The reward model is typically the same size as the policy model. Llama 2’s 70B chat model used a 70B reward model. This means RLHF training requires 4 models in memory simultaneously: policy, reference policy, reward model, and value model. For a 70B model, this requires roughly 560GB of GPU memory in FP16.

Direct Preference Optimization (DPO)

DPO eliminates the reward model entirely, reducing the safety training pipeline from 3 stages to 2.

import math

def dpo_loss(
    pi_logprob_chosen: float,
    pi_logprob_rejected: float,
    ref_logprob_chosen: float,
    ref_logprob_rejected: float,
    beta: float = 0.1
) -> float:
    """
    DPO loss function.

    L_DPO = -log sigmoid(beta * (log(pi(y_w|x)/ref(y_w|x)) - log(pi(y_l|x)/ref(y_l|x))))

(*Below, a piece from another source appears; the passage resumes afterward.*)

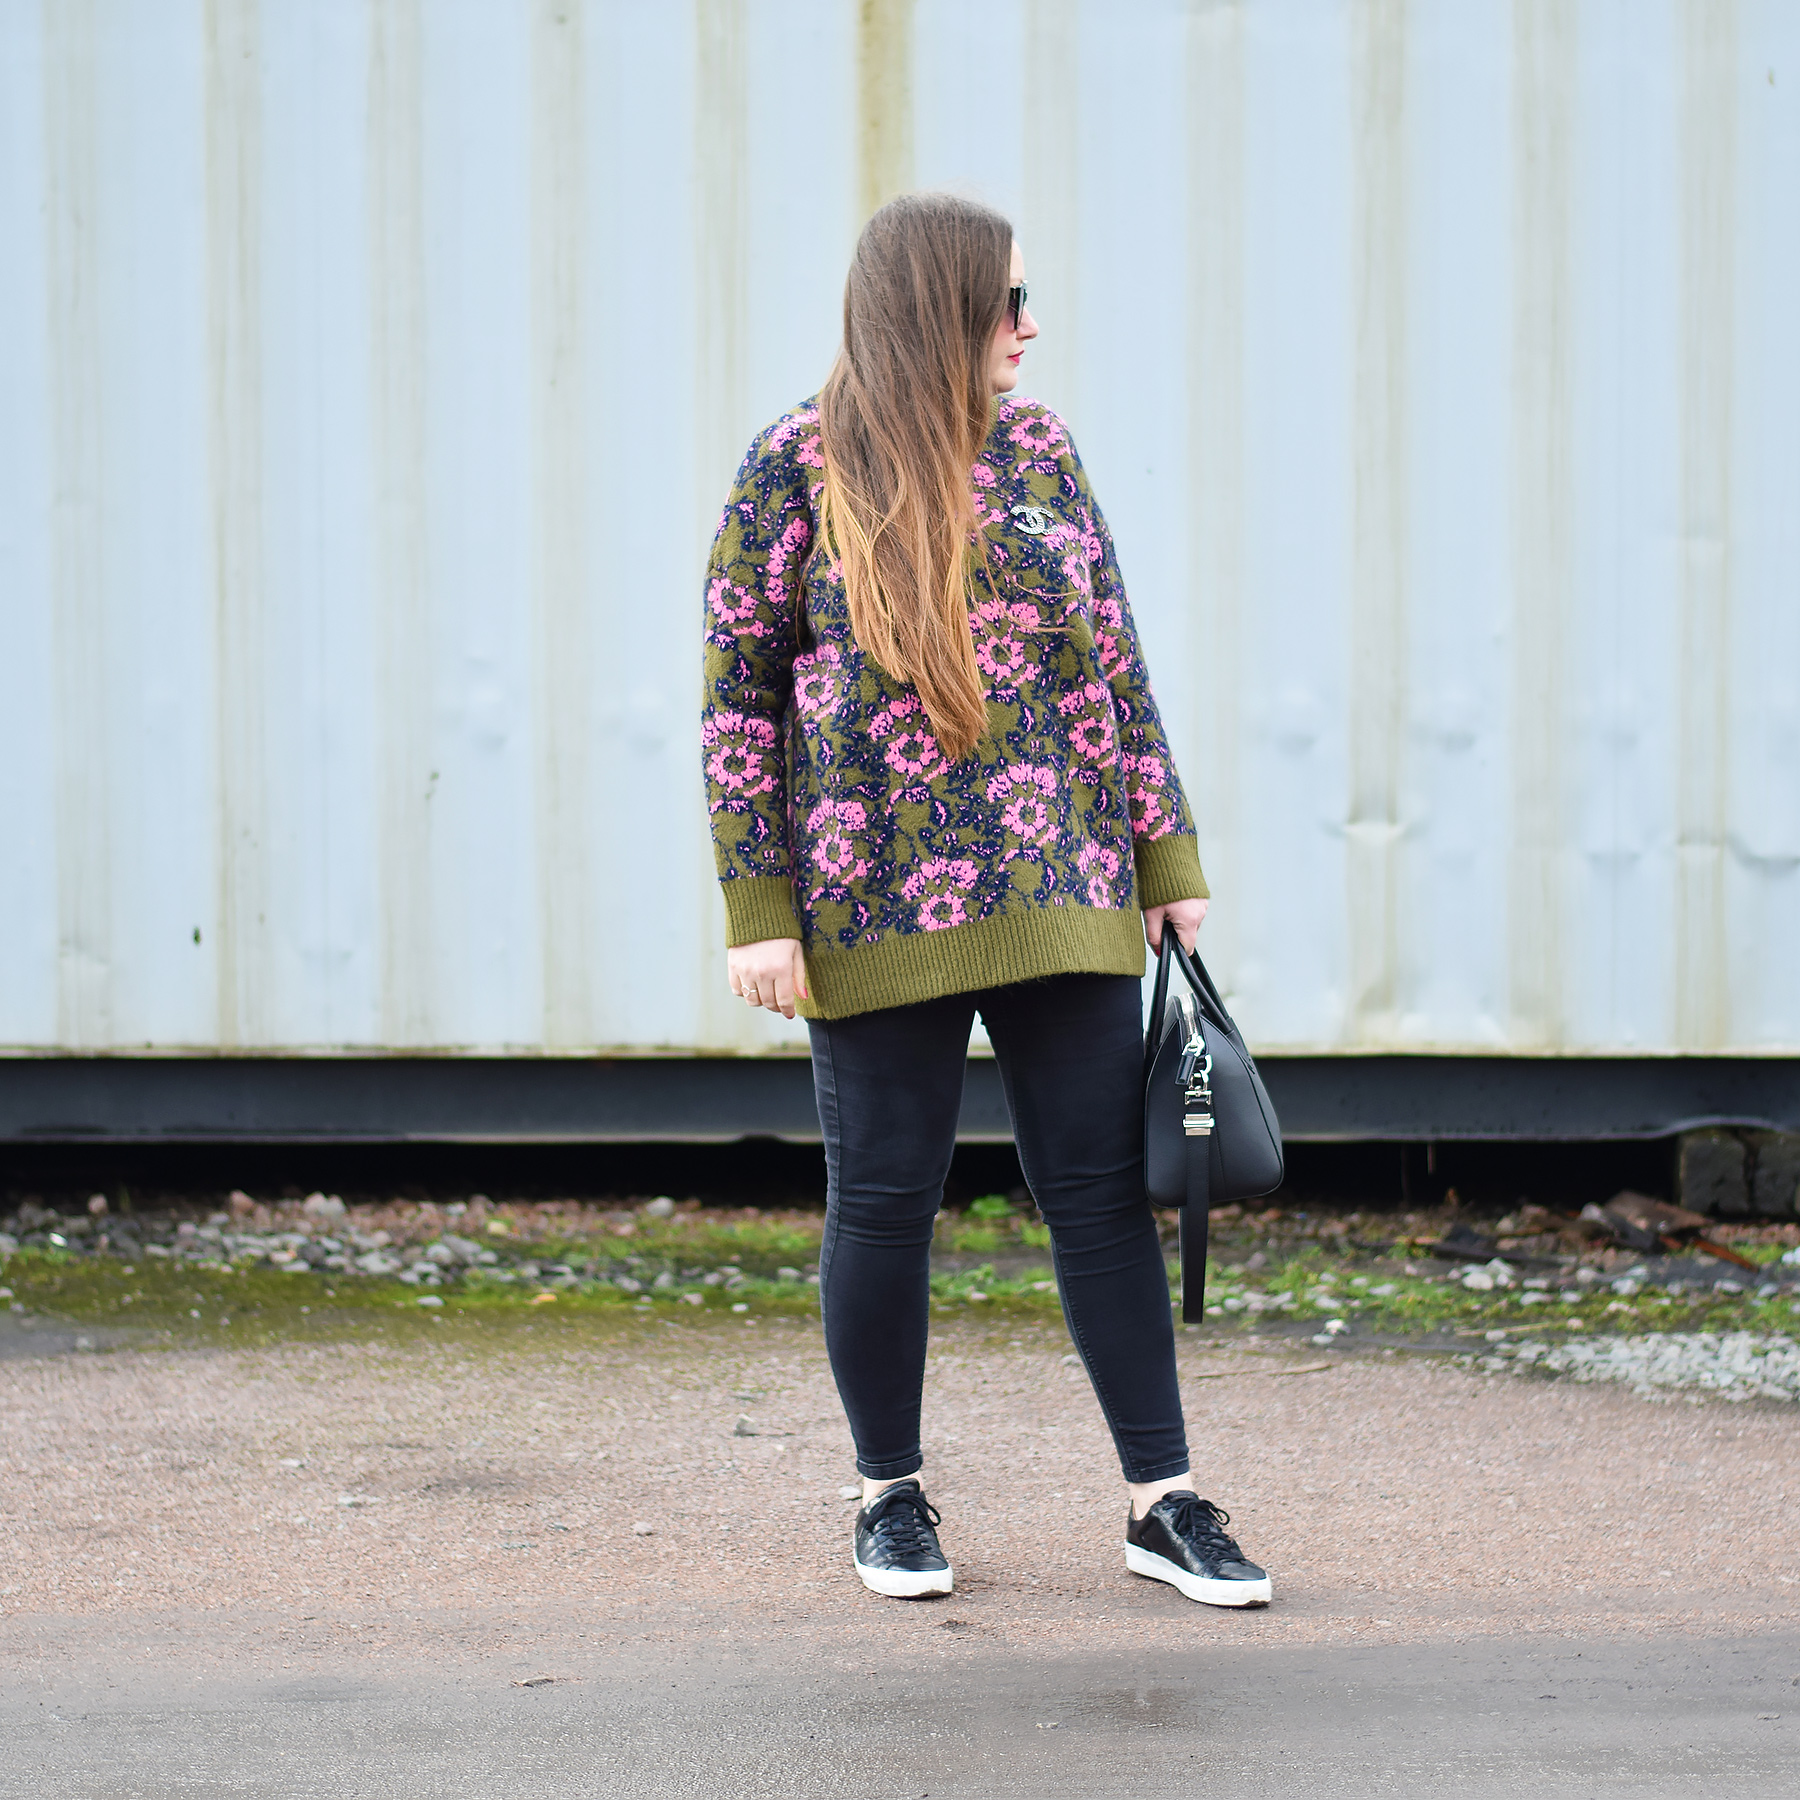 How to wear a floral jumper 2018

    pi: policy model log probabilities
    ref: reference (SFT) model log probabilities
    y_w: chosen (winning) response
    y_l: rejected (losing) response
    beta: temperature parameter
    """
    # Log ratios
    chosen_ratio = pi_logprob_chosen - ref_logprob_chosen
    rejected_ratio = pi_logprob_rejected - ref_logprob_rejected

    # DPO implicit reward difference
    reward_diff = beta * (chosen_ratio - rejected_ratio)

    # Binary cross-entropy
    loss = -math.log(1 / (1 + math.exp(-reward_diff)))

    return loss

def dpo_vs_rlhf_comparison() -> dict:
    """Compare DPO and RLHF for safety alignment."""
    return {
        "dpo_advantages": [
            "No reward model needed (saves 50% memory)",
            "No PPO instability (value function estimation)",
            "Simpler hyperparameter tuning (just beta)",
            "2x faster training (no RM forward pass)",
        ],
        "dpo_disadvantages": [
            "Cannot iteratively improve (offline algorithm)",
            "Sensitive to data distribution mismatch",
            "May overfit to preference dataset",
            "Harder to scale safety categories independently",
        ],
        "rlhf_advantages": [
            "Online algorithm: generates new data during training",
            "Can balance multiple reward signals (safety, helpfulness)",
            "More robust to distribution shift",
            "Proven at scale (GPT-4, Claude)",
        ],
        "rlhf_disadvantages": [
            "4 models in memory simultaneously",
            "PPO is unstable, sensitive to hyperparameters",
            "Reward hacking: model exploits reward model weaknesses",
            "Expensive: 10-20% of pretraining compute",
        ],
    }

📊

DPO vs RLHF Training Comparison (70B Model)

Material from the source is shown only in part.